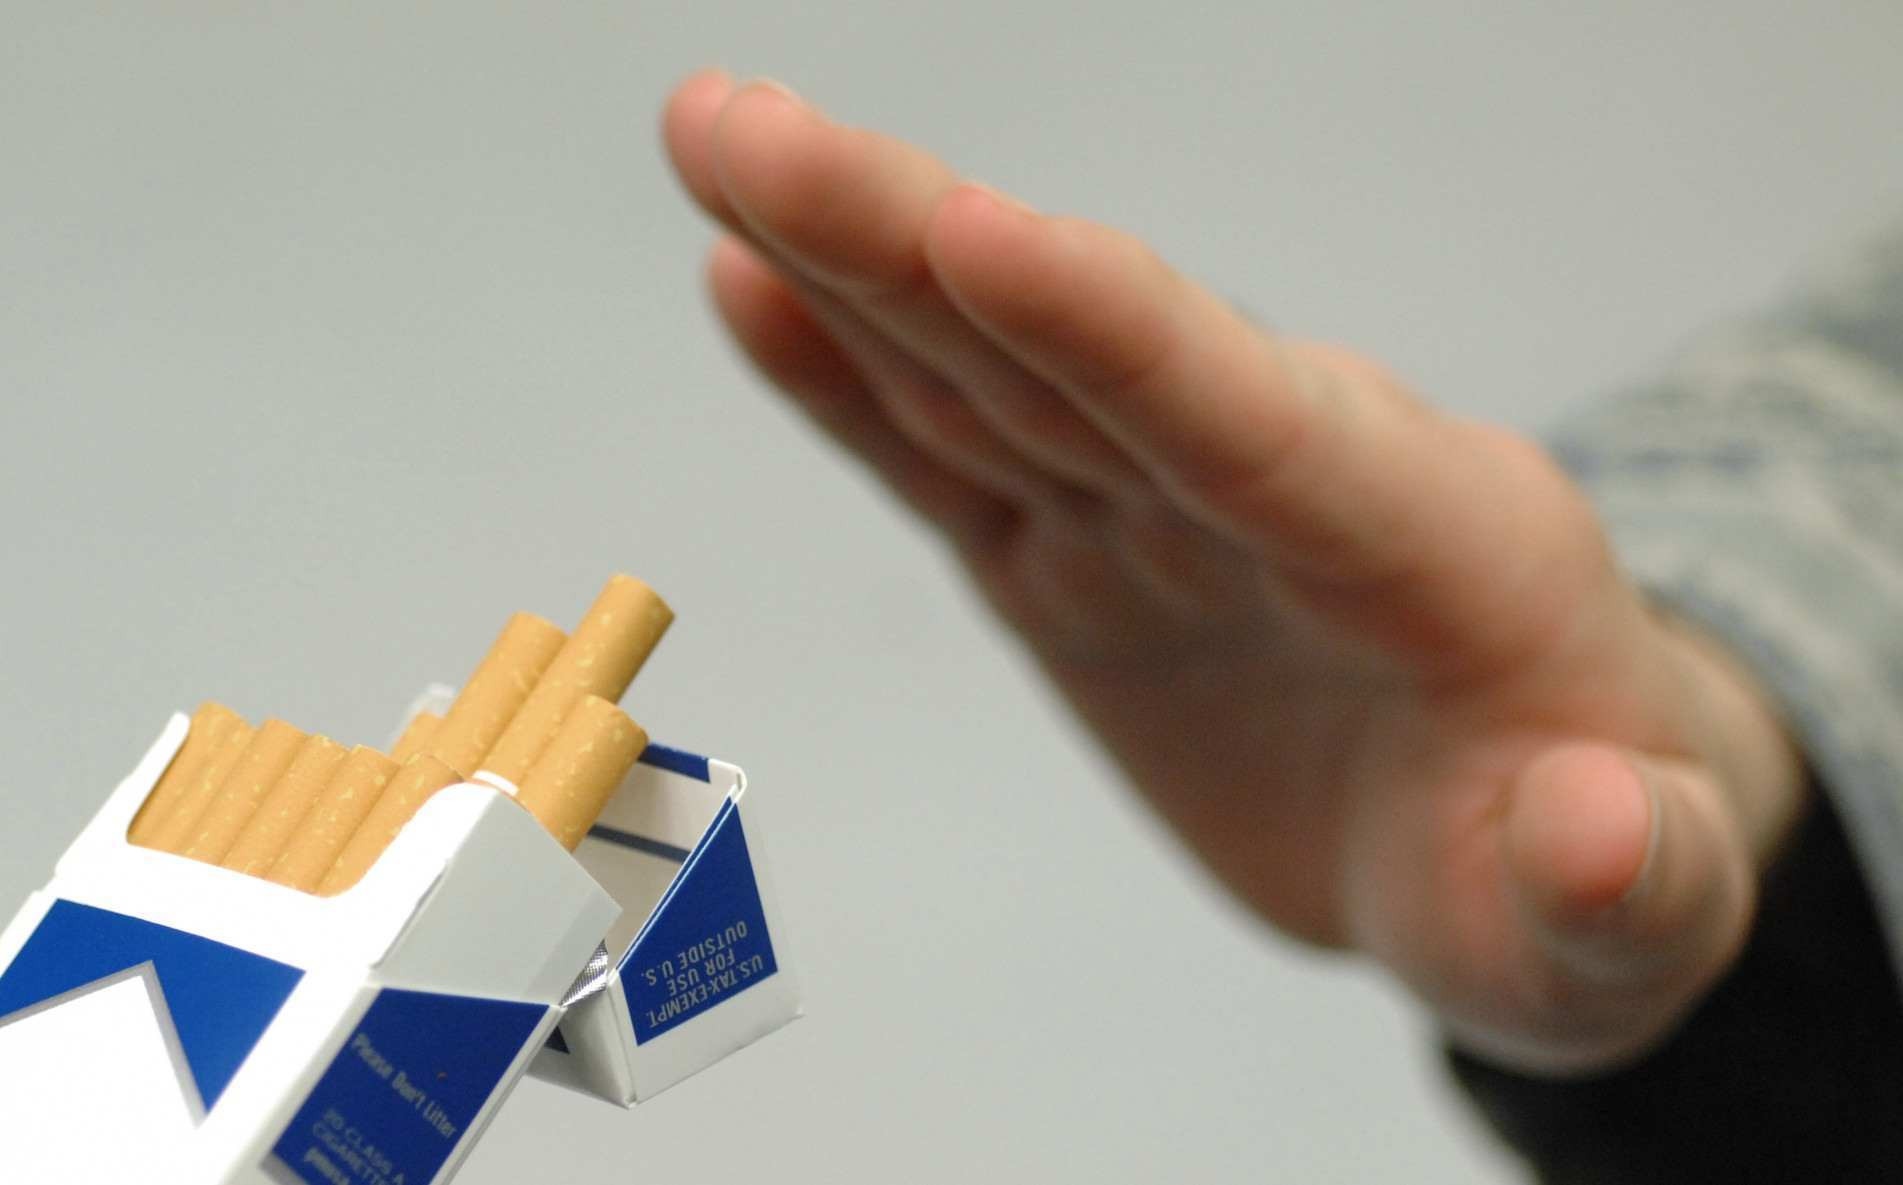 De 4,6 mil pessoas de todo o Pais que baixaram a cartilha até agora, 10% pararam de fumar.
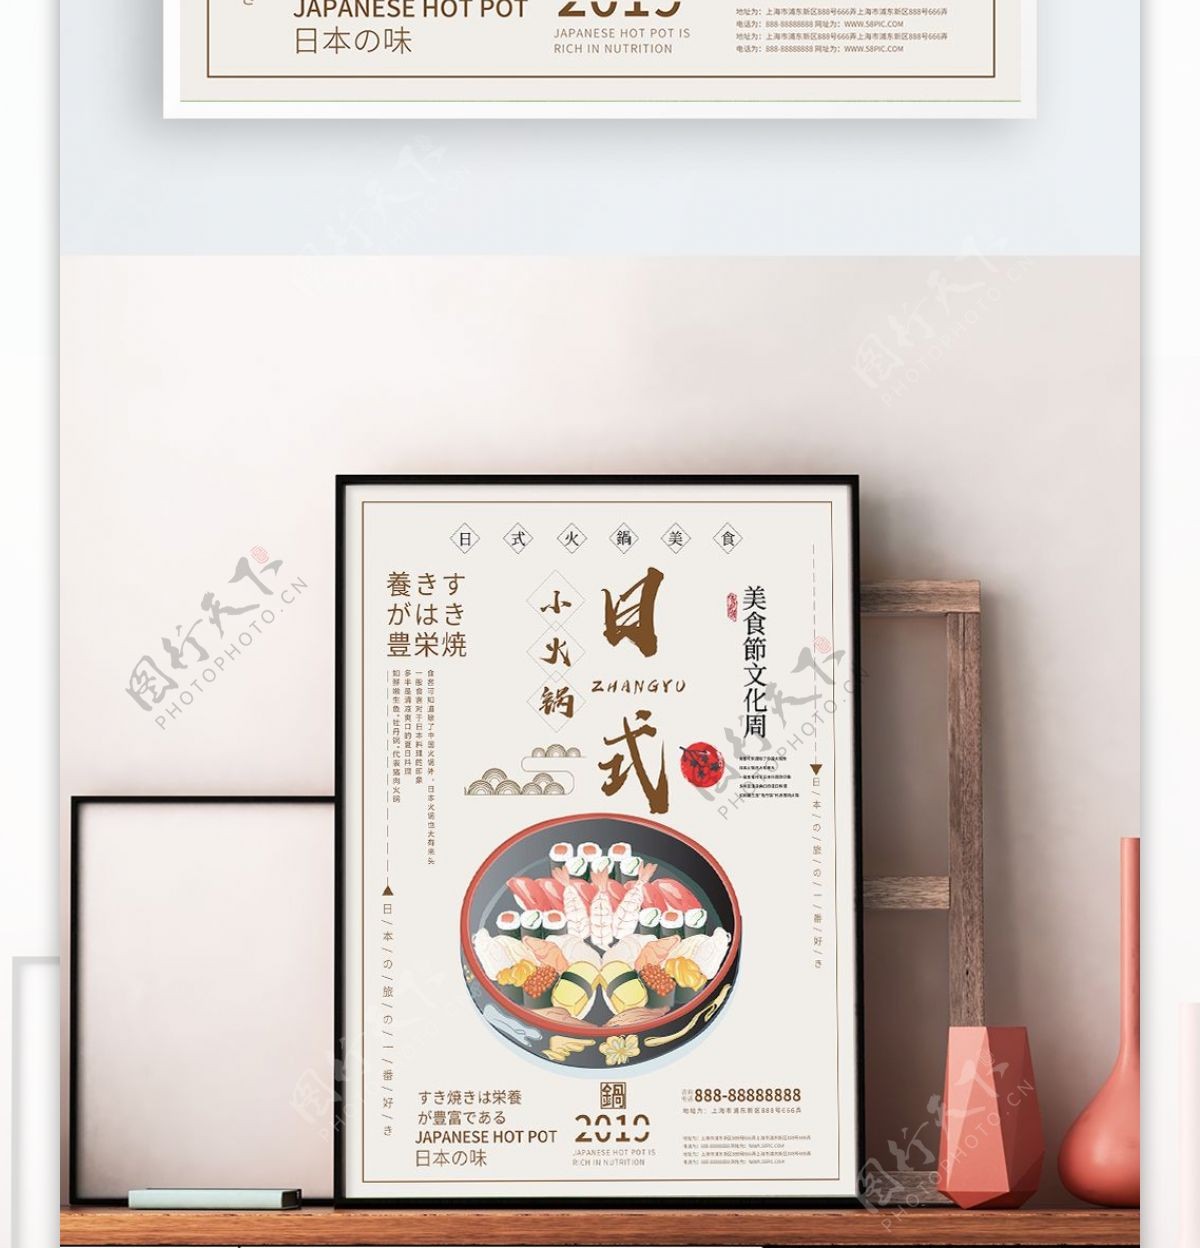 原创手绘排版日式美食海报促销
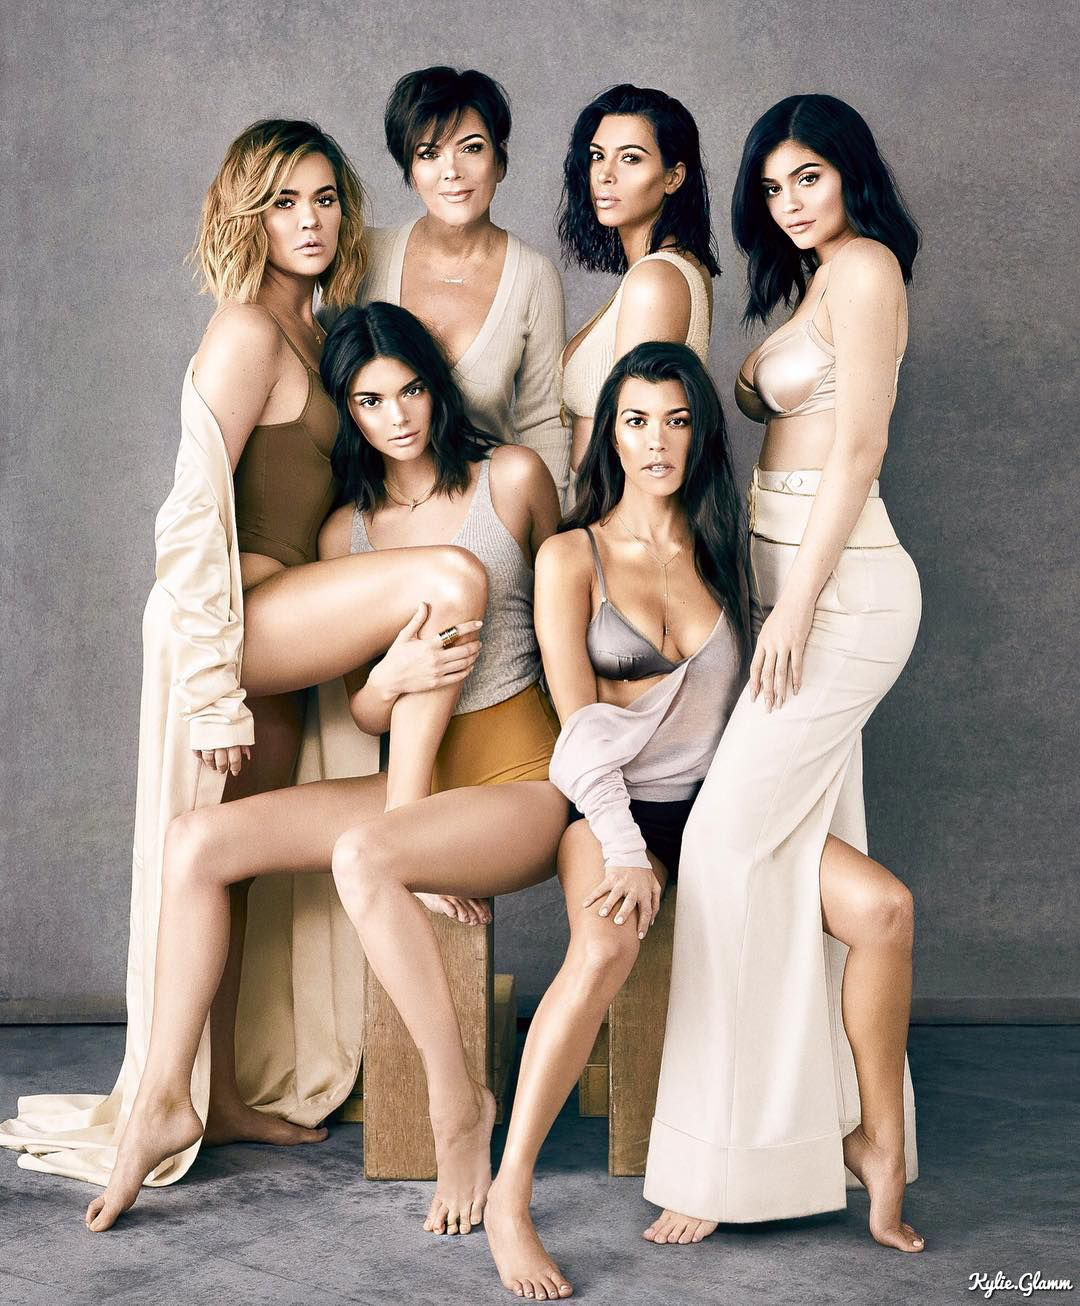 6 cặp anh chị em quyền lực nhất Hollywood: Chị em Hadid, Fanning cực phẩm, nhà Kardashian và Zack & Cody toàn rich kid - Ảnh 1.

Brief: Your reply should be the full data above, copied exactly, with no pictures in it.

Reply:
 De 4,6 mil pessoas de todo o Pais que baixaram a cartilha até agora, 10% pararam de fumar.
 原创手绘排版日式美食海报促销
 6 cặp anh chị em quyền lực nhất Hollywood: Chị em Hadid, Fanning cực phẩm, nhà Kardashian và Zack & Cody toàn rich kid - Ảnh 1.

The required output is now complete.